Problem statement ->
Omit the pictures and reproduce the rest of the listing exactly.

#### Source material ####

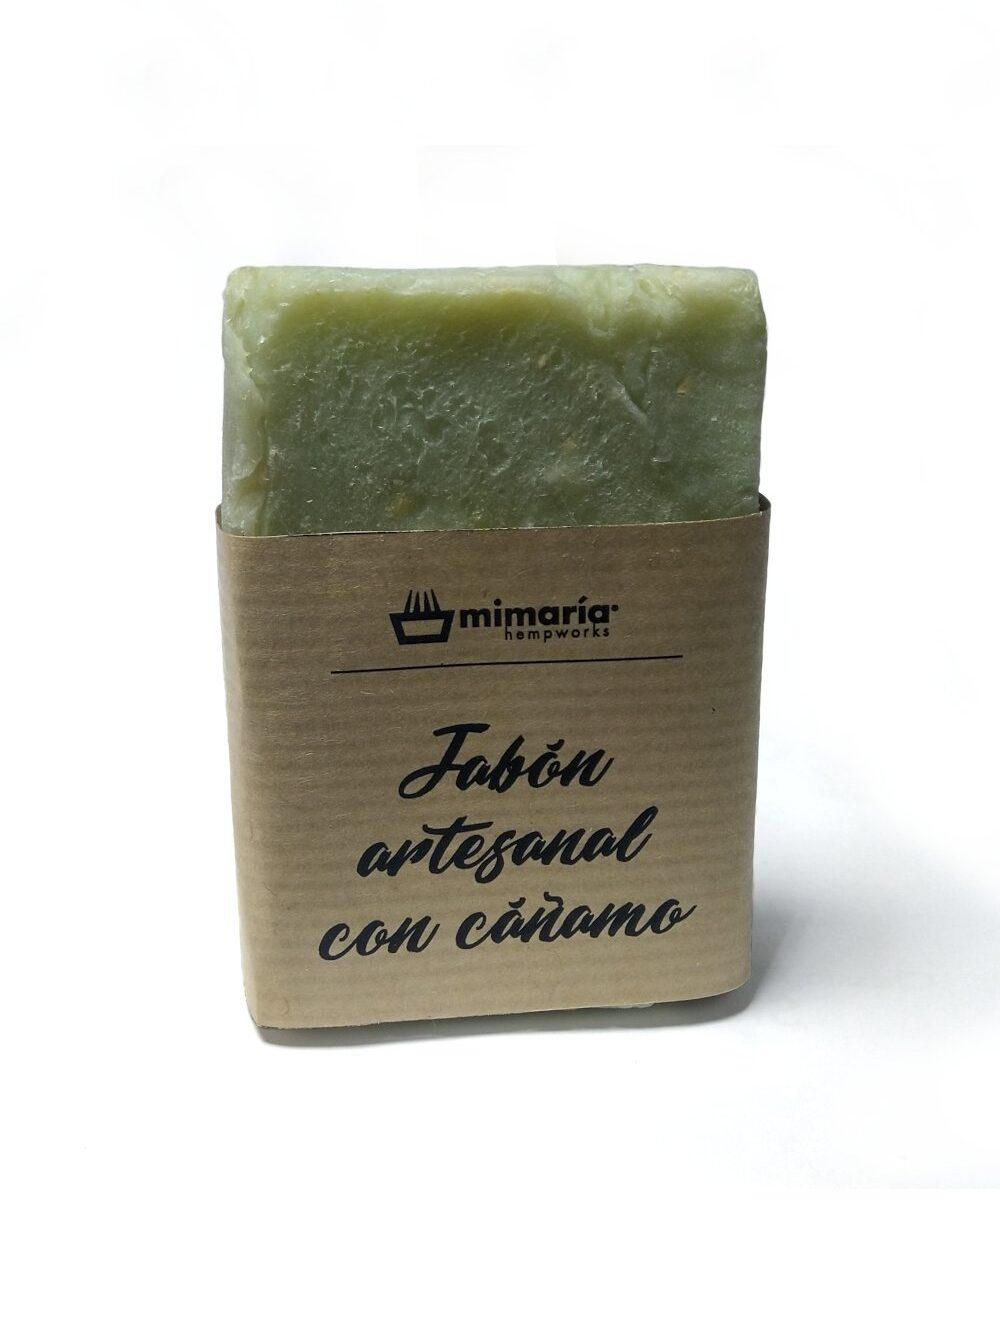 Jabón artesano con cáñamo asturiano, aceite de oliva, aceite de barbasú, manteca de cacao, vitamina E y un toque mentolado.
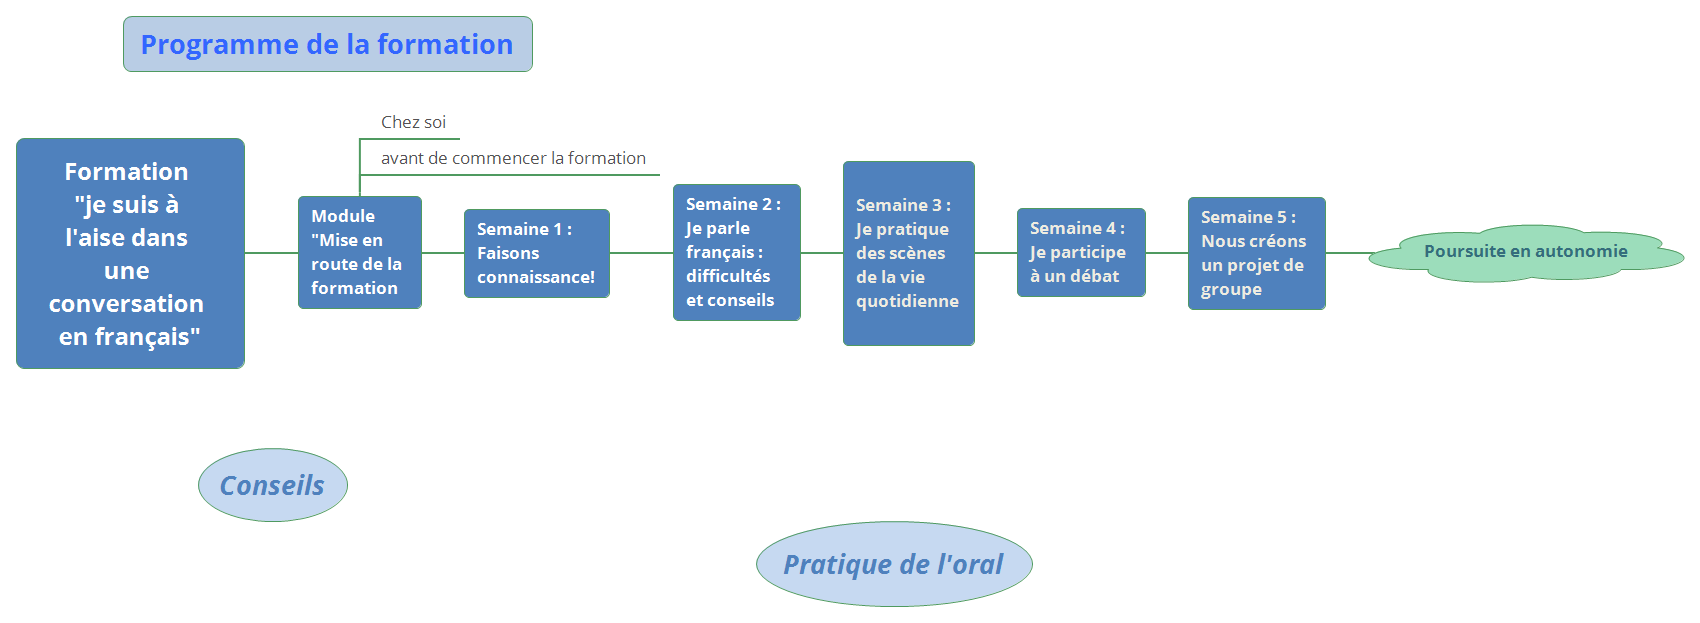 Programme Formation  je suis à l'aise pour parler en français
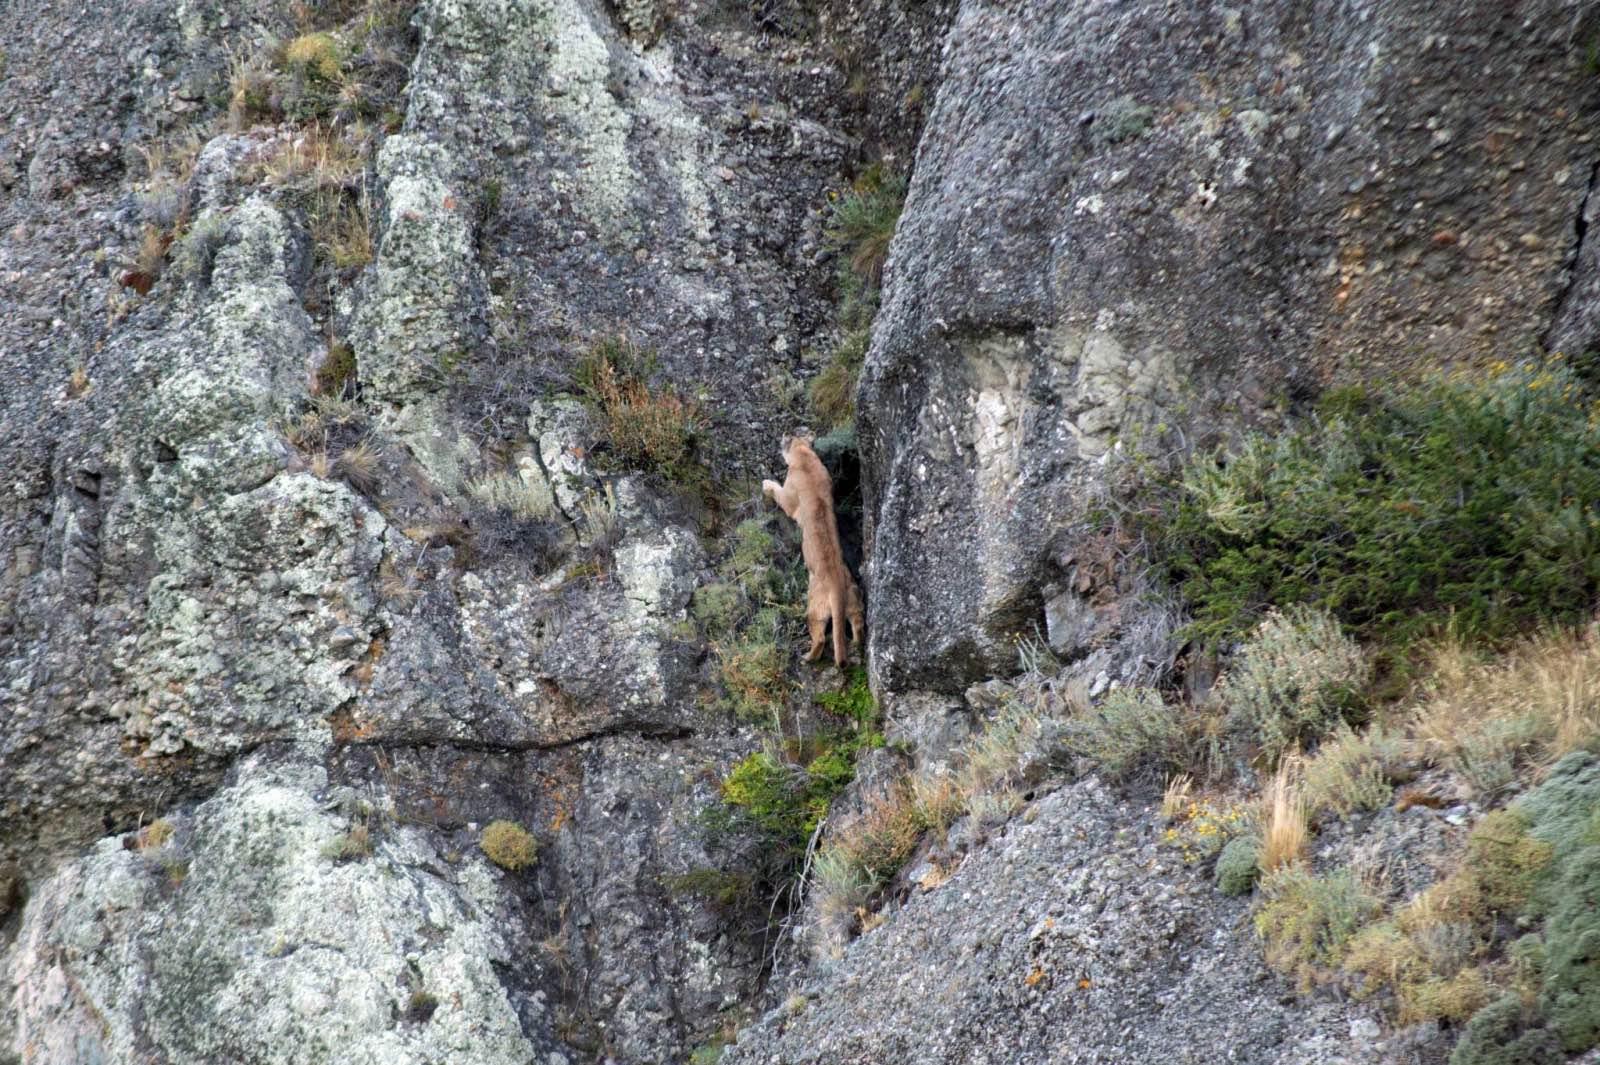 Puma on the move, Laguna Amarga, Torres del Paine
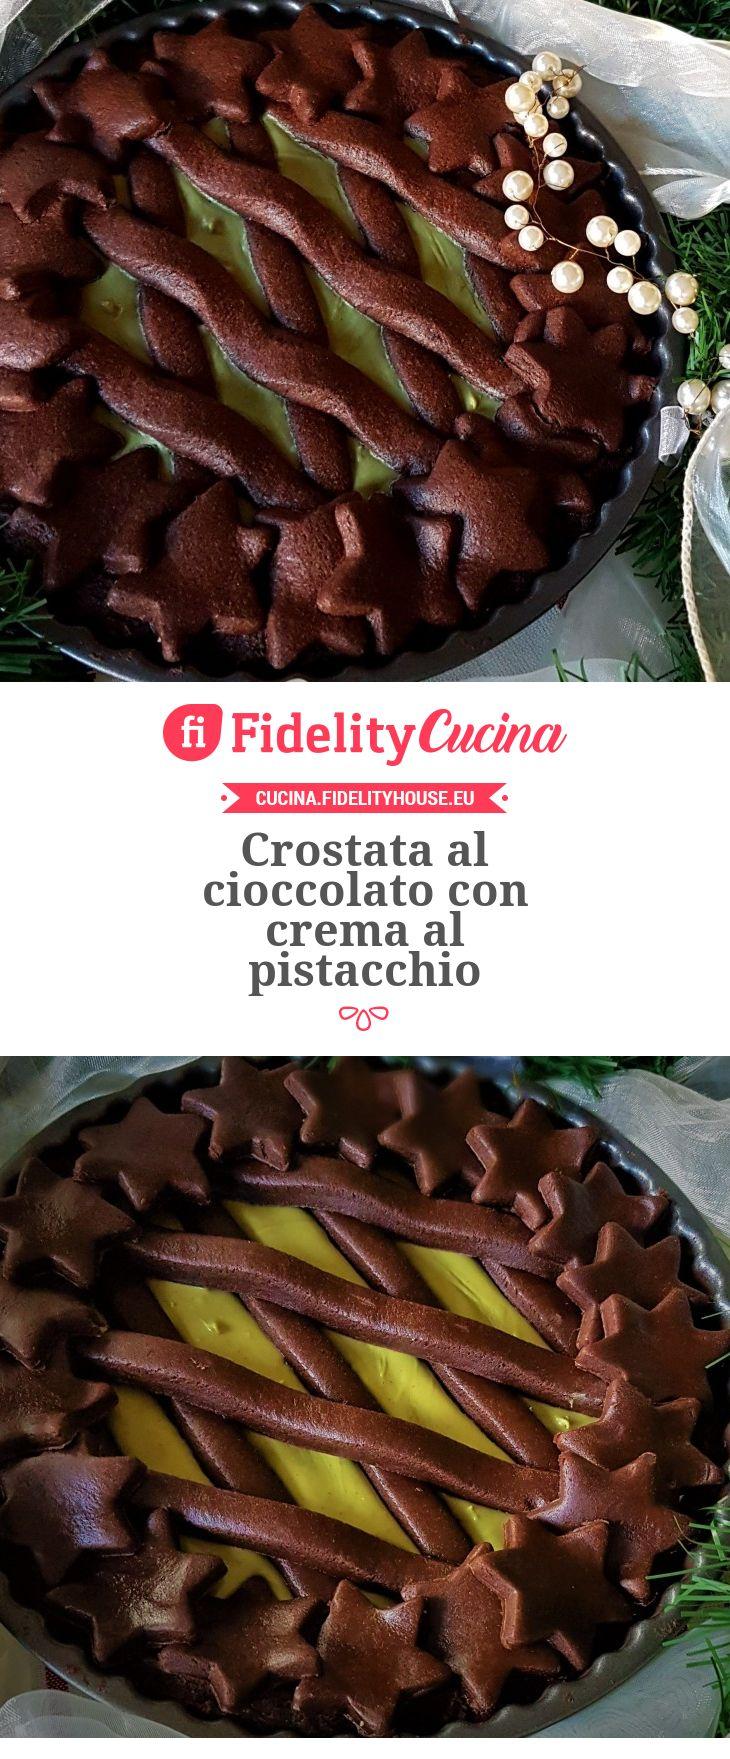 Crostata al cioccolato con crema al pistacchio
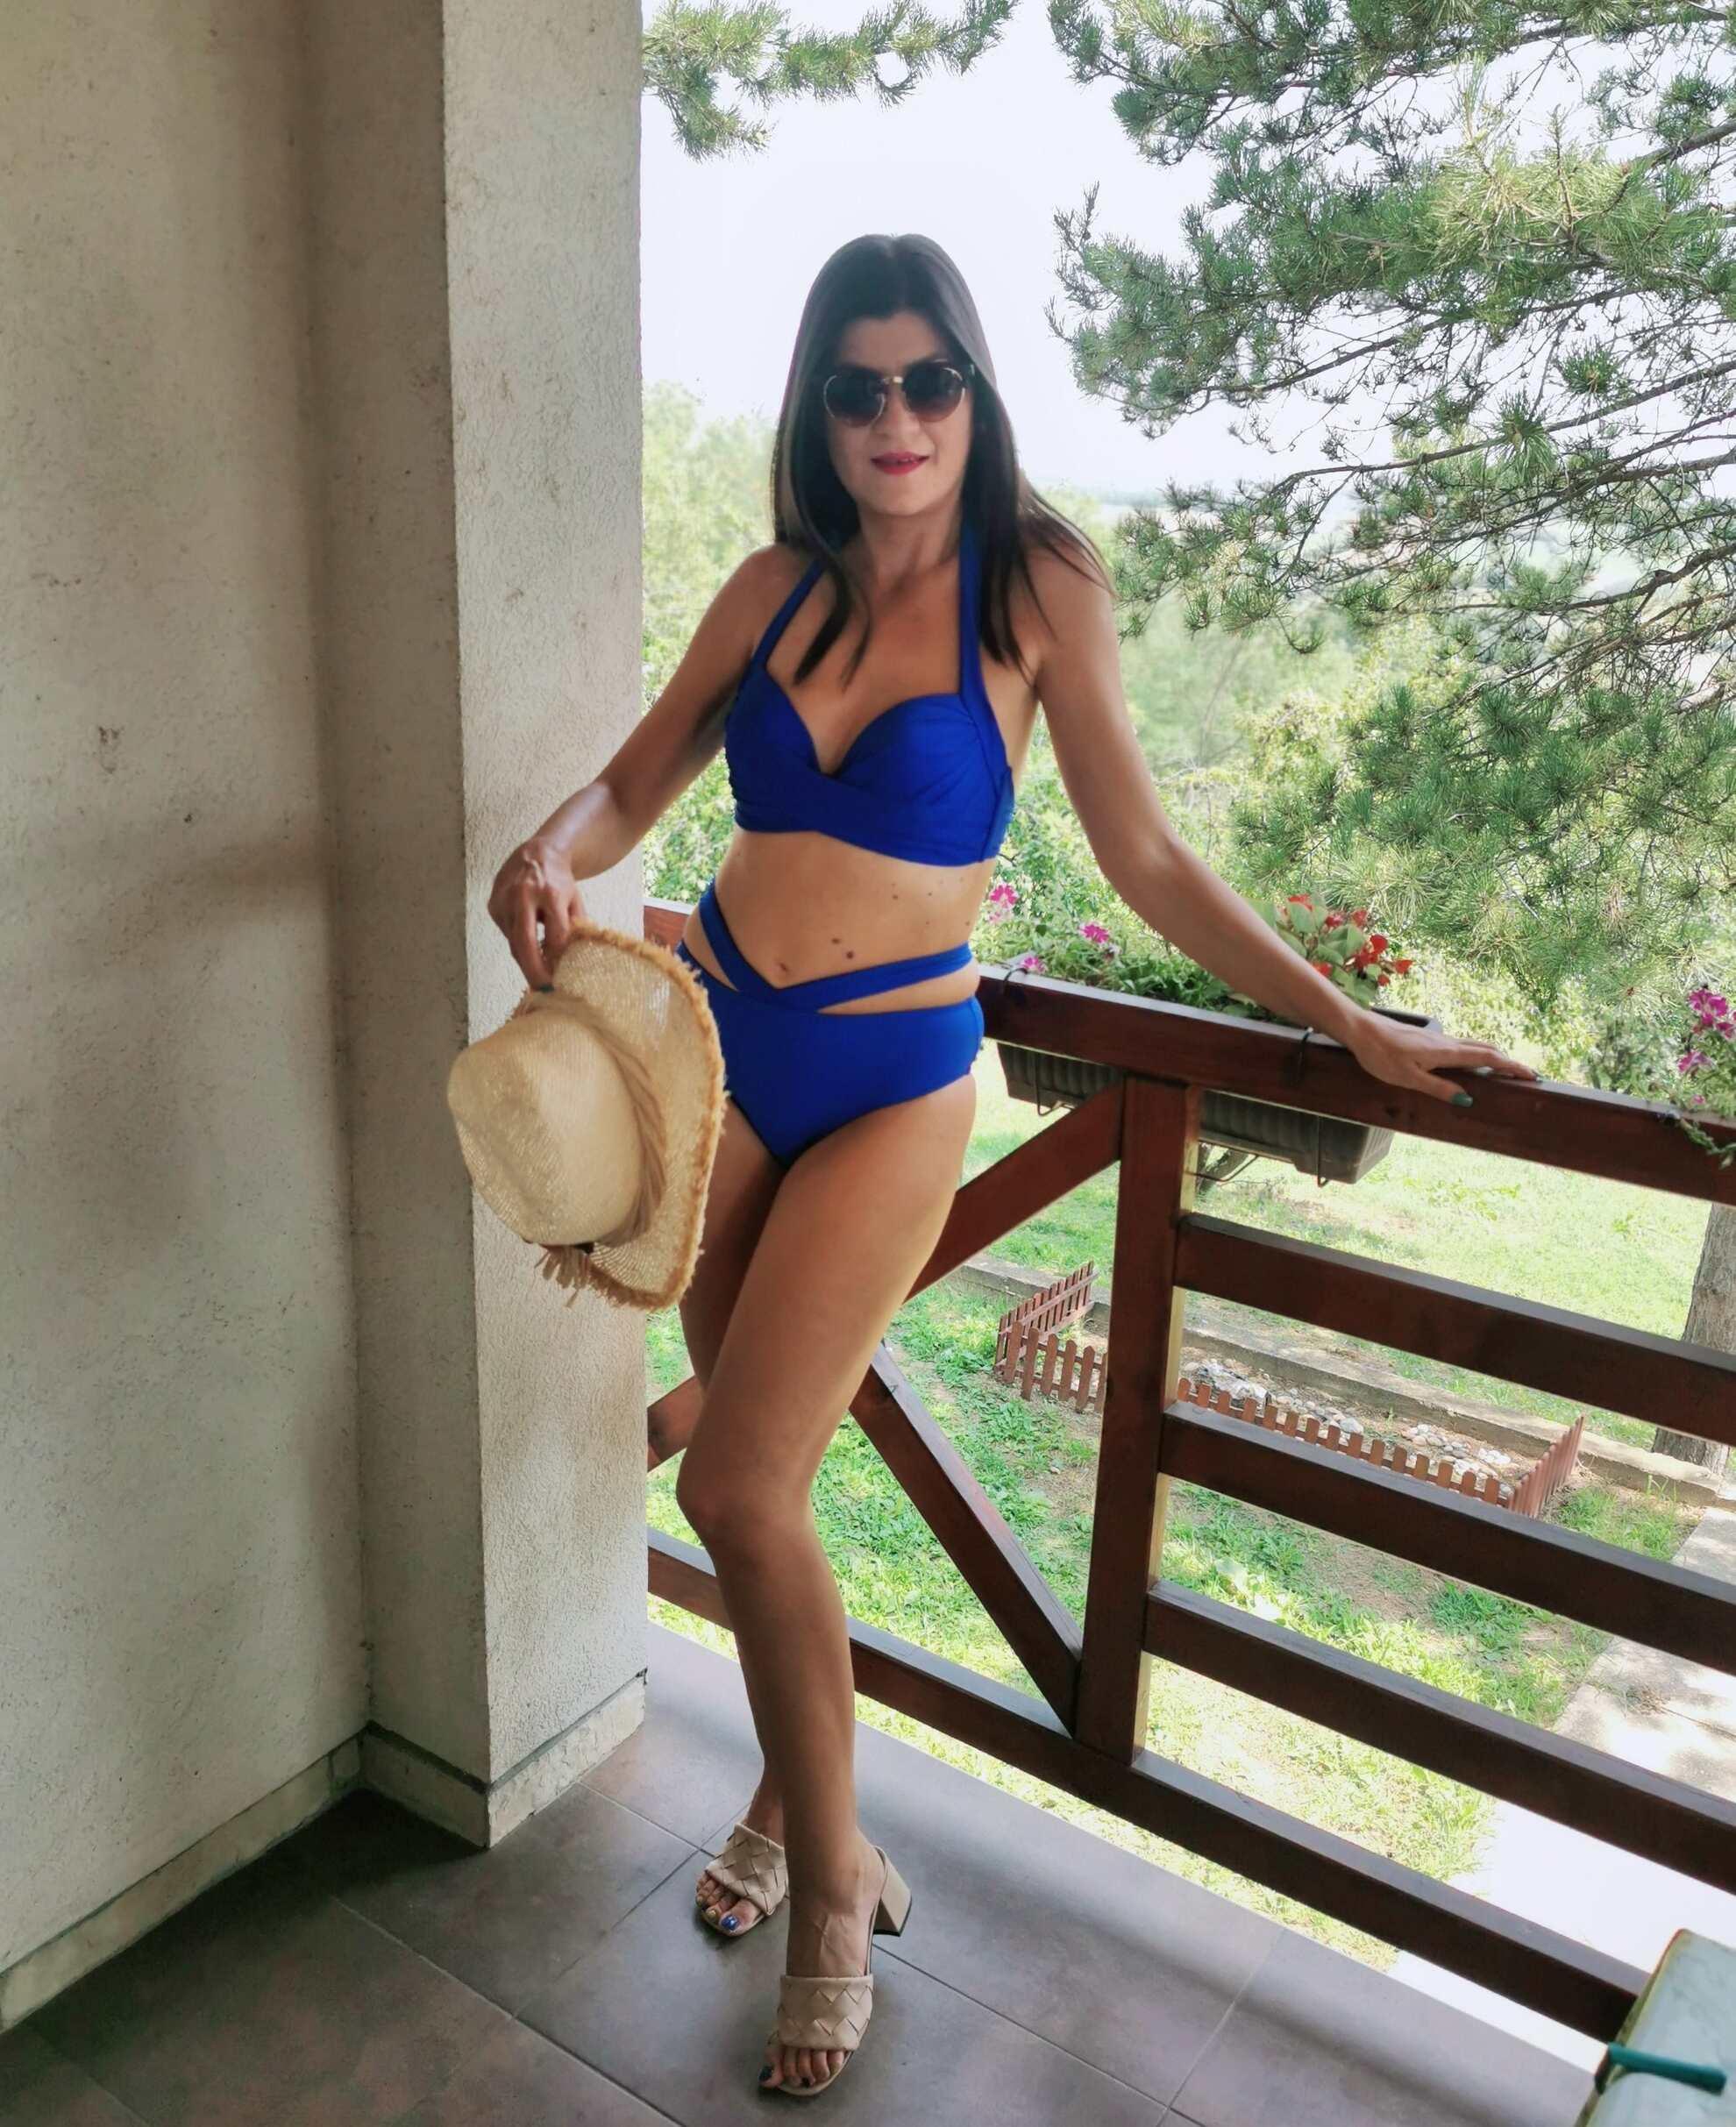 fave summer items: bikini, hat...

####

Finished exercise ->
 Jabón artesano con cáñamo asturiano, aceite de oliva, aceite de barbasú, manteca de cacao, vitamina E y un toque mentolado.
 Programme Formation  je suis à l'aise pour parler en français
 Puma on the move, Laguna Amarga, Torres del Paine
 Crostata al cioccolato con crema al pistacchio
 fave summer items: bikini, hat...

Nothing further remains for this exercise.